If you see the below example it violates the Single Responsibility Principle
class User {
constructor(name, email) {
this.name = name;
this.email = email;
}
getUserInfo() {
return `Name: ${this.name}, Email: ${this.email}`;
}
printUserInfo() {
console.log(this.getUserInfo());
}
}
const user = new User("John Doe", "john.doe@example.com");
user.printUserInfo();
As you could see , above class does two things, one is that it gets the user-info and printout user information. Two methods does two different things. Instead we could separate the two functionality into two classes. Such as
class User {
constructor(name, email) {
this.name = name;
this.email = email;
}
getUserInfo() {
return `Name: ${this.name}, Email: ${this.email}`;
}
}
class UserPrinter {
printUserInfo(user) {
console.log(user.getUserInfo());
}
}
const user = new User("John Doe", "john.doe@example.com");
const userPrinter = new UserPrinter();
userPrinter.printUserInfo(user);
Now, the User class has a single responsibility: managing user data. The UserPrinter class is responsible for printing user information. This way, each class has only one reason to change, adhering to the Single Responsibility Principle.

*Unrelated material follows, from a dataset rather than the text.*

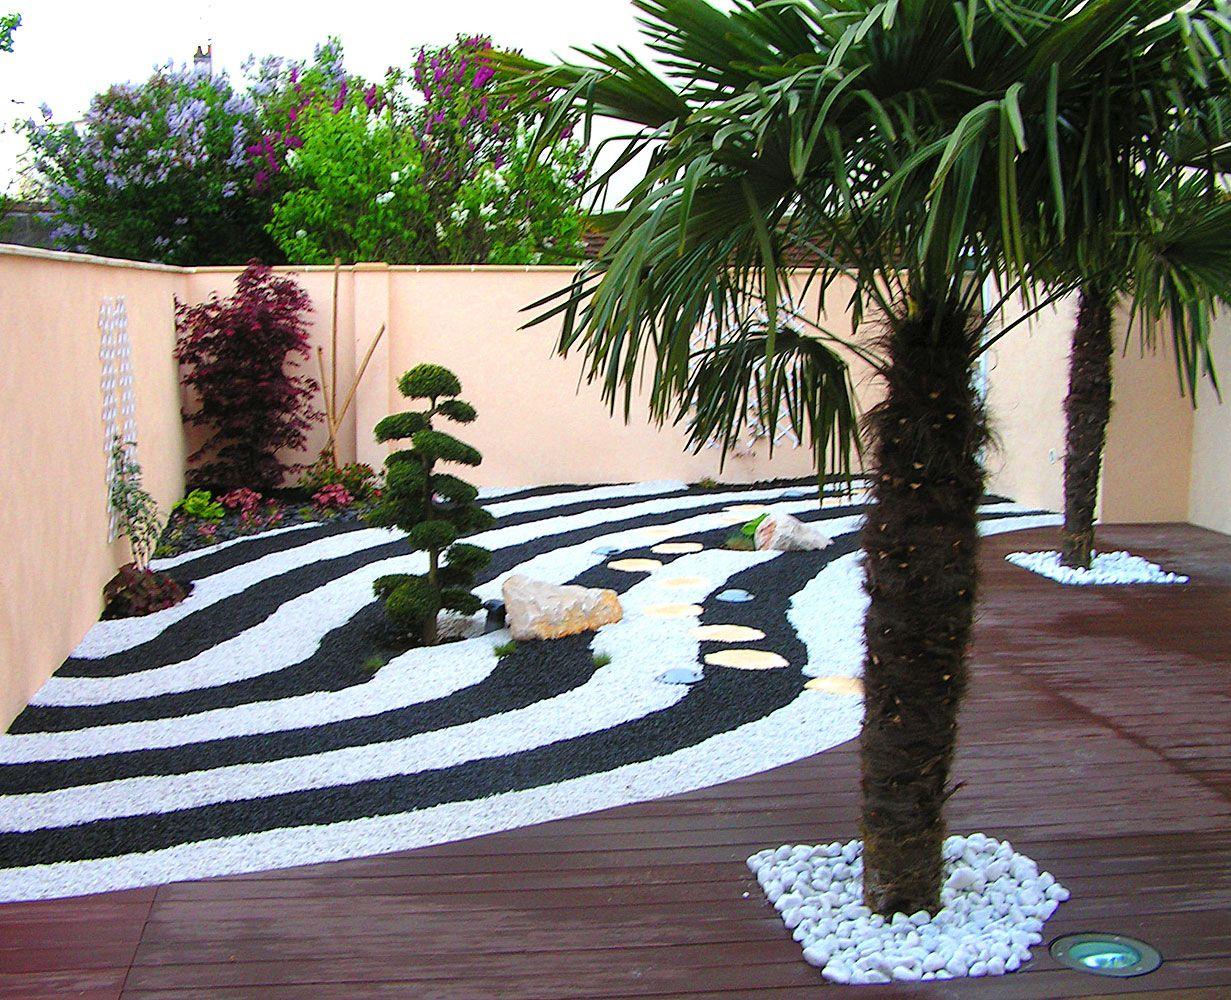 Jardin Zen Et Japonais Dijon | Design Paysage | Jardin Zen ... tout Idee Amenagement Jardin Zen

O - Open / Closed Principle
The Open/Closed Principle (OCP) is another one of the SOLID principles of object-oriented design. It states that software entities (classes, modules, functions, etc.) should be open for extension but closed for modification. This means you should be able to add new functionality to a class without changing its existing code.
Here’s an example in JavaScript to illustrate this principle.
Suppose we initially have a Discount class that applies different types of discounts to a product:
class Discount {
applyDiscount(product, type) {
if (type === 'percentage') {
return product.price - (product.price * 0.10);
} else if (type === 'fixed') {
return product.price - 10;
} else {
return product.price;
}
}
}
const product = { name: "Laptop", price: 1000 };
const discount = new Discount();
console.log(discount.applyDiscount(product, 'percentage')); // 900
console.log(discount.applyDiscount(product, 'fixed')); // 990
In this example, if we need to add a new type of discount, we have to modify the applyDiscount method, which violates the OCP.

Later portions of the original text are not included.